Я поглядел на ее белое лицо, с подсиненными то ли от любви, то ли от усталости подглазьями, и почувствовал некоторую неловкость, — ведь и на самом деле, ни с чем другим, более приятным, я ни разу не зашел к ней, не уделил ей никакого внимания, не поинтересовался, как она живет, почему у нее не сладилось с мужьями, а вот в качестве проработчика явился.
— Ты извини, но что же мне было делать... Только я не понимаю, разве ты не могла найти себе вровень, хотя бы по возрасту?
— А со старым спокойнее. — Она вытянула ноги, закинула одну на другую.
— Странно... У тебя ведь были молодые?
— Были. Вот и наелась ими досыта. Один — лентяй, другой — пьяница.
— Появились бы дети, поняли свою ответственность.
— Как бы не так. Что ж это другие-то не понимают?
— Кто другие?
— Да в поселке. Мало ли...
— Ну, не знаю, только, по-моему, ты поторопилась расстаться со своими мужьями.
— Ждать было некогда! —зло усмехнулась Люся.
— Куда уж так спешить? — подлаживаясь под ее иронический злой тон, сказал я.
— А пока молодая, и торопиться. Старой. уже бежать некуда. Что еще мне скажете, Игорь Николаевич?
— Жалко мне тебя.
— Да что вы, уж так и жалко. Чего меня жалеть?

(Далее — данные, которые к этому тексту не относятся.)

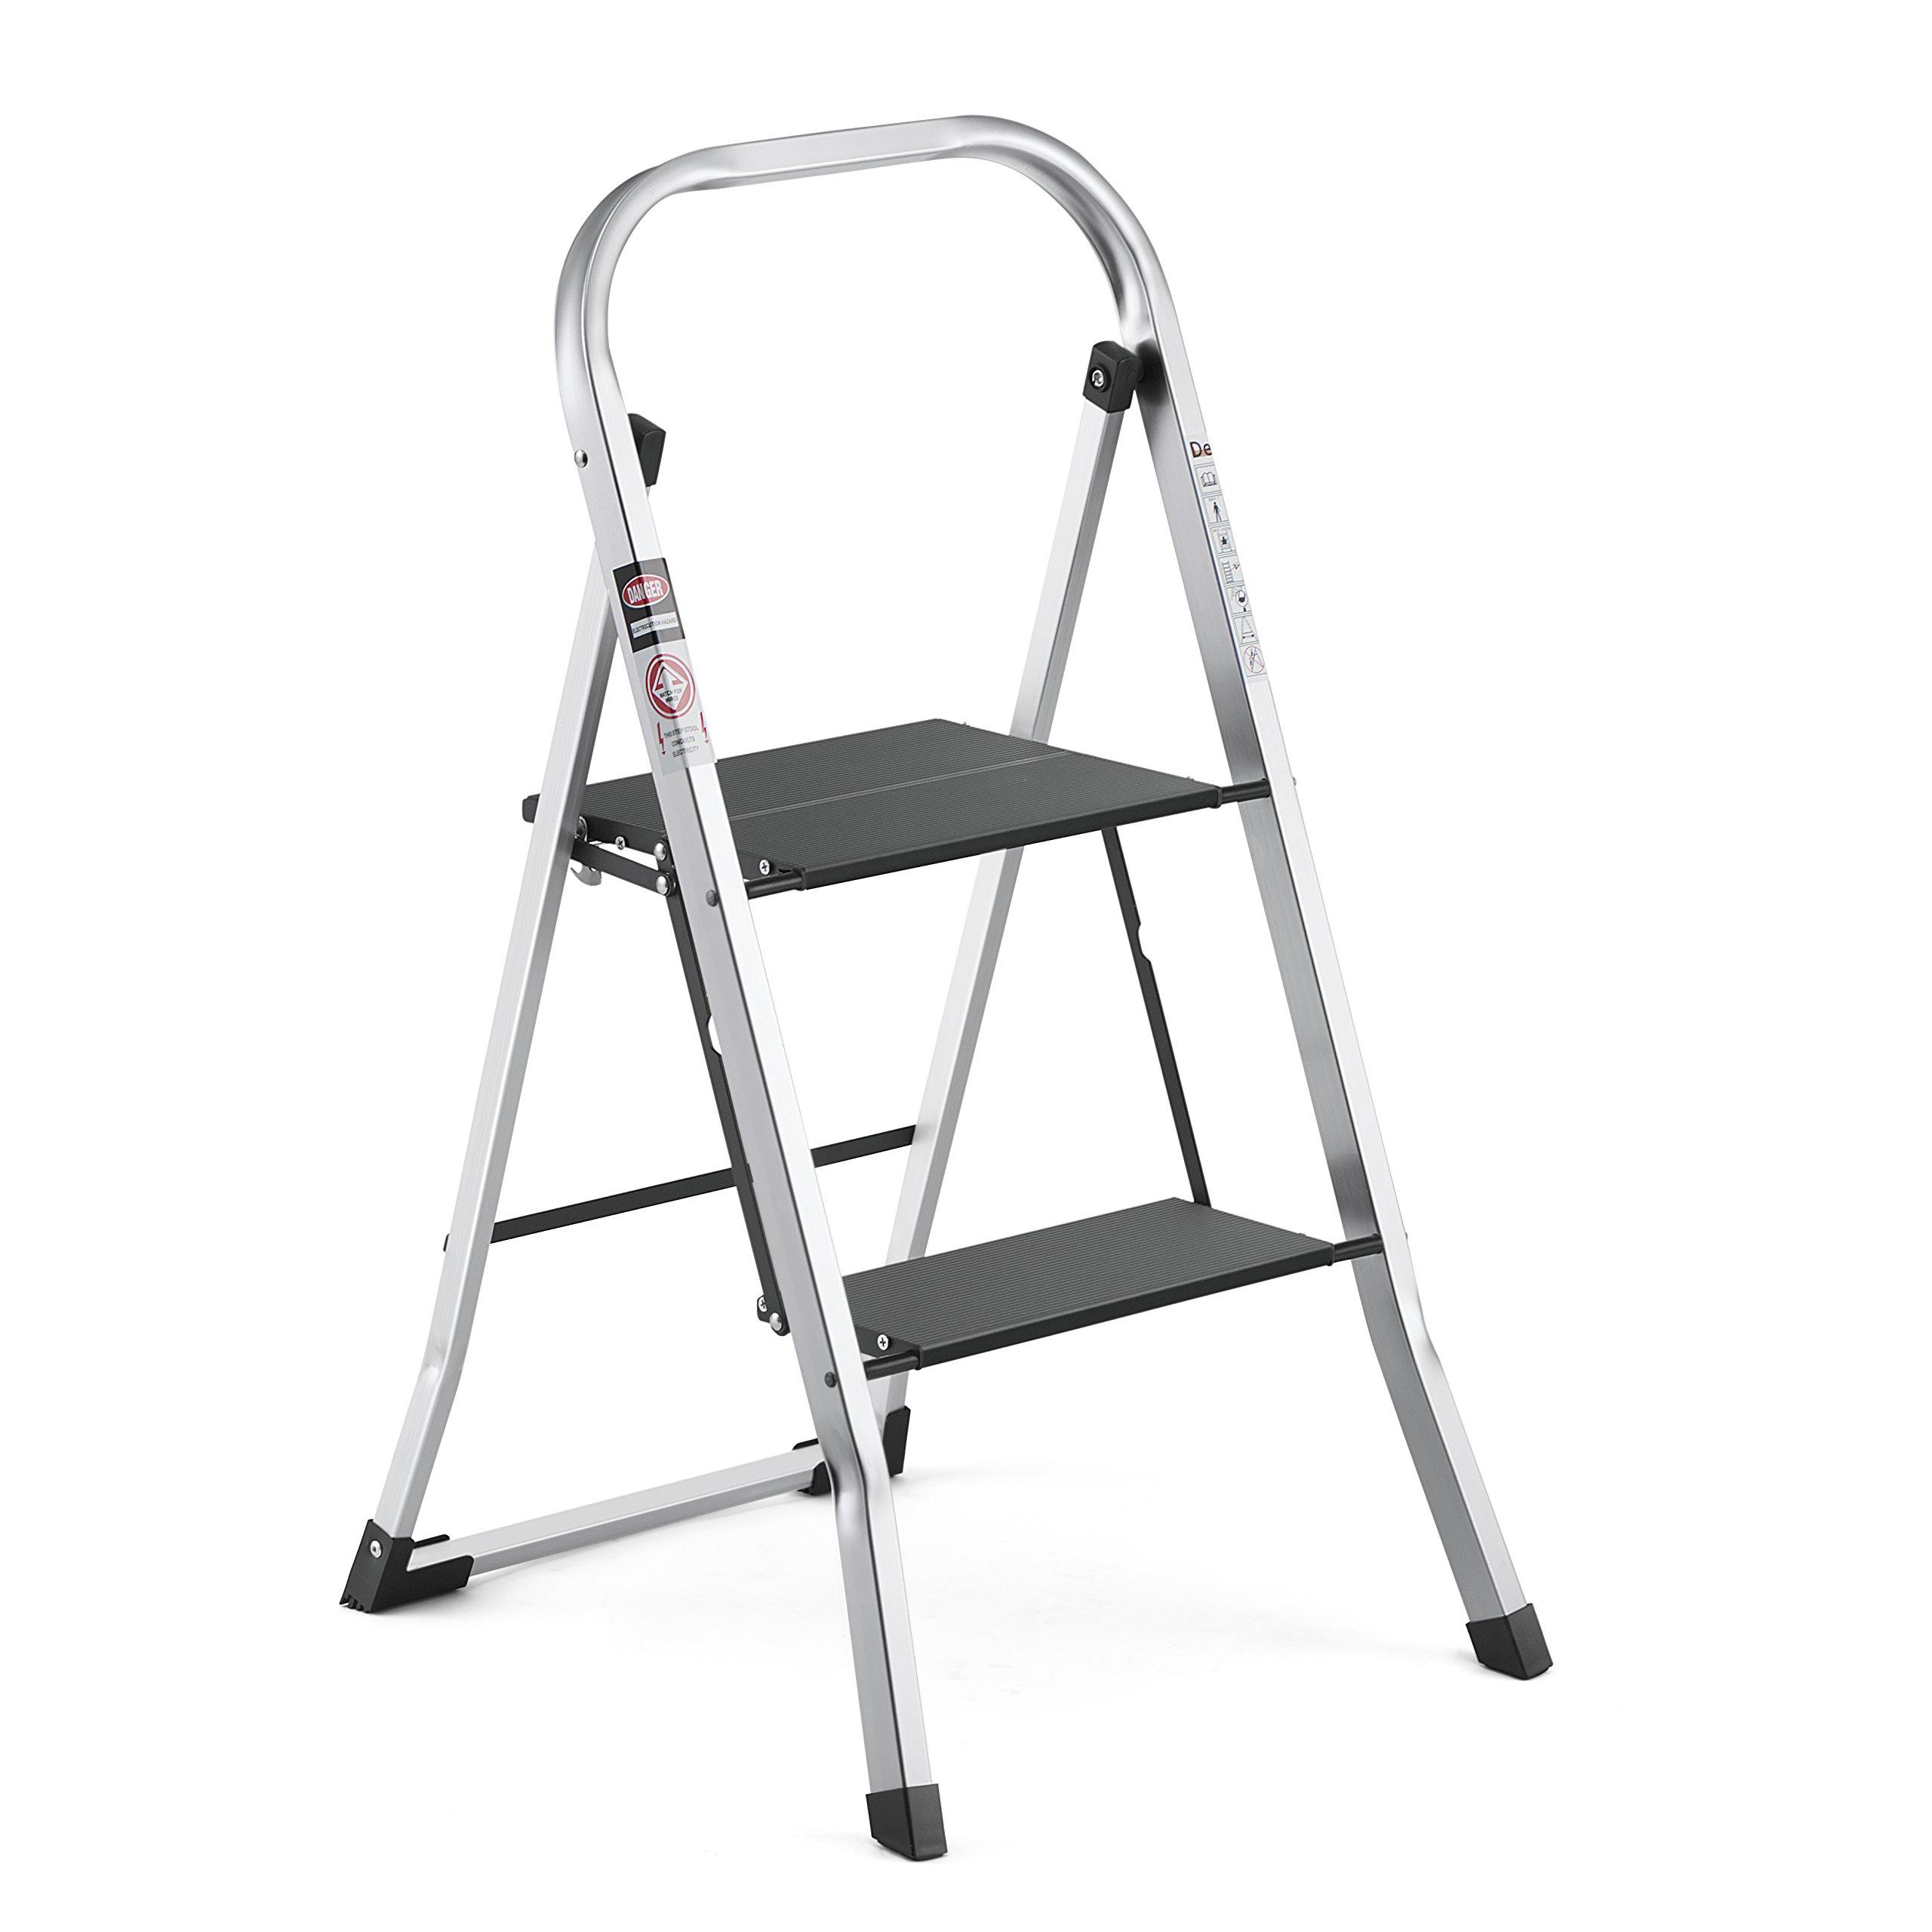 Details About Delxo Upgrade Lightweight Aluminum 2 Step Ladder Step Stool  Single Hand Carry

— Да ведь какая-то неустроенная у тебя жизнь. А сама ты красивая, такой только бы полную чашу счастья в семье.
— Да ведь как понимать семейную жизнь, Игорь Николаевич. По мне, такой, какой живут в нашем поселке многие бабы, задаром не надо. Теперь я что, я сама себе хозяйка. Работаю. Одета как надо. Обута. Сыта. В доме все есть. Пришла, никто меня не подгоняет, никого мне не надо ждать до полуночи, не надо тревожиться. Никто не изобьет, грязным словом не обзовет. Сама себе хозяйка, — с явным удовольствием повторила она и как-то игриво посмотрела на меня. — А если мужика надо, вы уж извините, сами коснулись такого дела, то найду, хоть и того же Игнатьевича. Неизрасходованный...

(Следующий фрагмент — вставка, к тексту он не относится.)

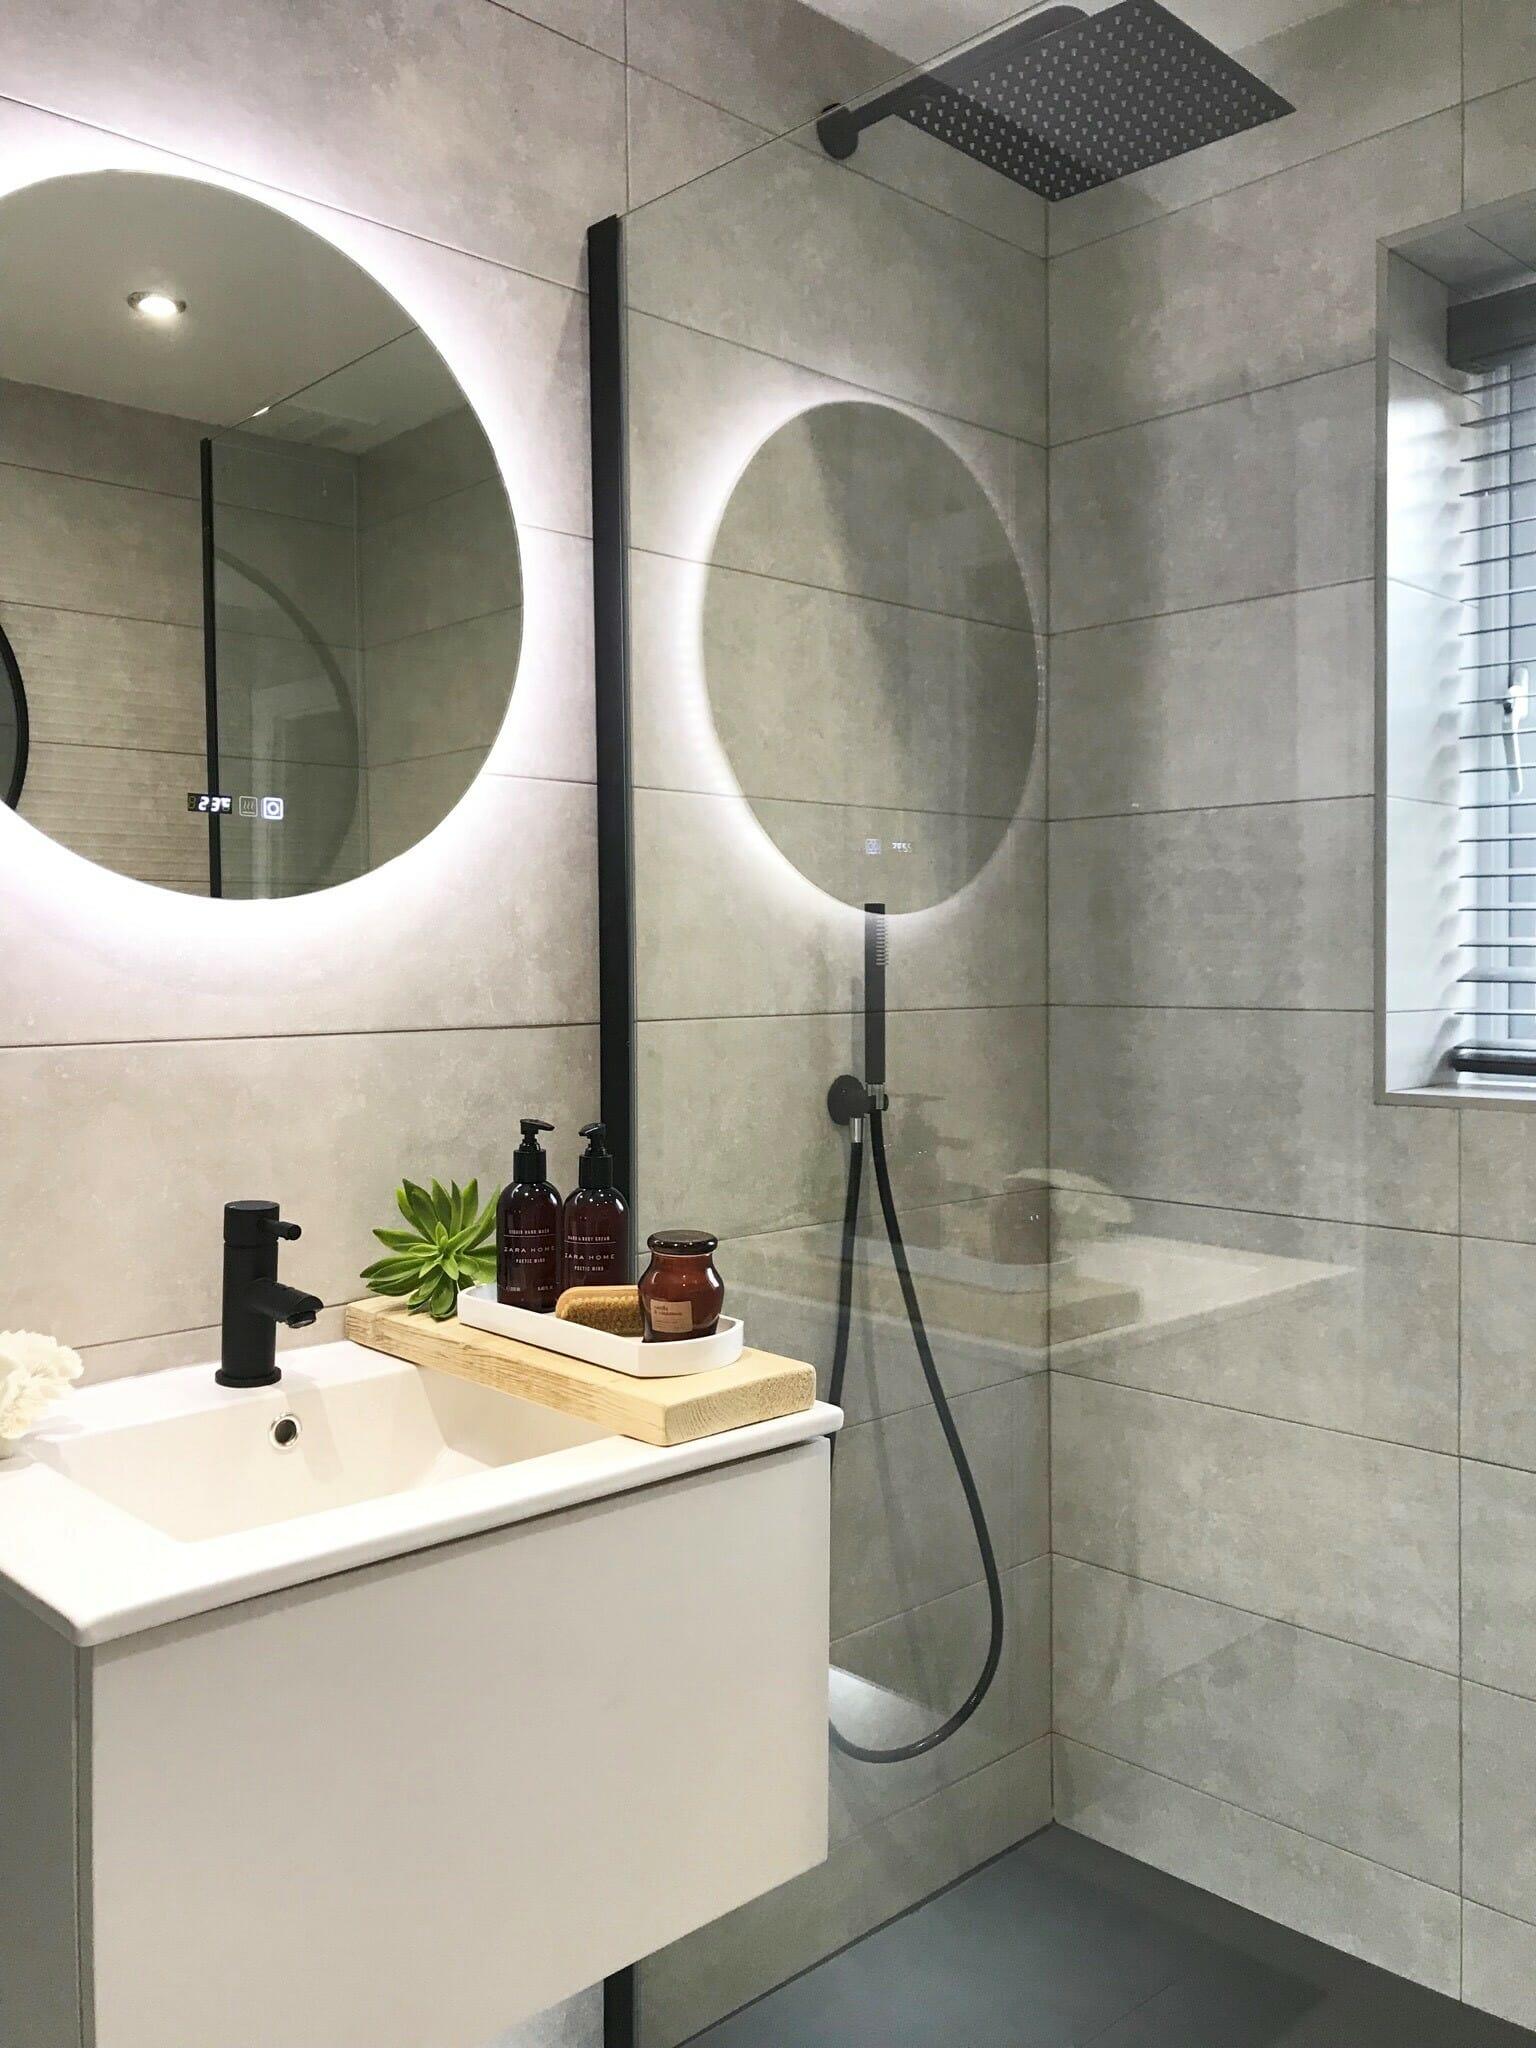 customer oxley bathroom storage image

— А дети? — сурово сказал я, этим давая понять, что осуждаю ее за такое легкомыслие. — Как же без детей? Материнство-то разве не говорит в тебе?
— Если захочу ребеночка, так и рожу. Что, не прокормлю, что ли? Или уж из-за ребеночка нужно вводить в свой дом пьяницу или-лентяя какого-нибудь?
— Да ведь не все такие?
— В парнях нет, а как в мужьях, так и такой.
— Плохо это, Люся, плохо.
— Так куда хуже. Только это с вашей колокольни, а с моего пригорочка ой как хорошо! Ну, обо мне ладно. О себе скажите.
— А что о себе. Работаю.
— Все географии учите?
— Учу. Только теперь те уроки, какие ты учила, обновились новыми фактами.
— Я помню, вы хорошо про целинные земли говорили. Я даже сбежать туда думала, а потом чего-то раздумала. Зря, наверно. Может, там интересней было бы, чем тут... А вы там были?
— Нет.
— А говорили так, будто сами все видели.
— Читал соответствующую литературу. Готовился.
— А я так и думала, что вы там были. Верила.
— Нет, не был. Надо бы, конечно, побывать, но не так ведь все просто.
— Это верно... Ну, ладно, засиделись мы с вами, а у меня еще дела сверх головы, да и вам уходить пора, а то наговорят всякого. Вон соседка-то в третий раз выходит с пустым ведром.
— Ну и что могут наговорить? — сказал я и все же поднялся.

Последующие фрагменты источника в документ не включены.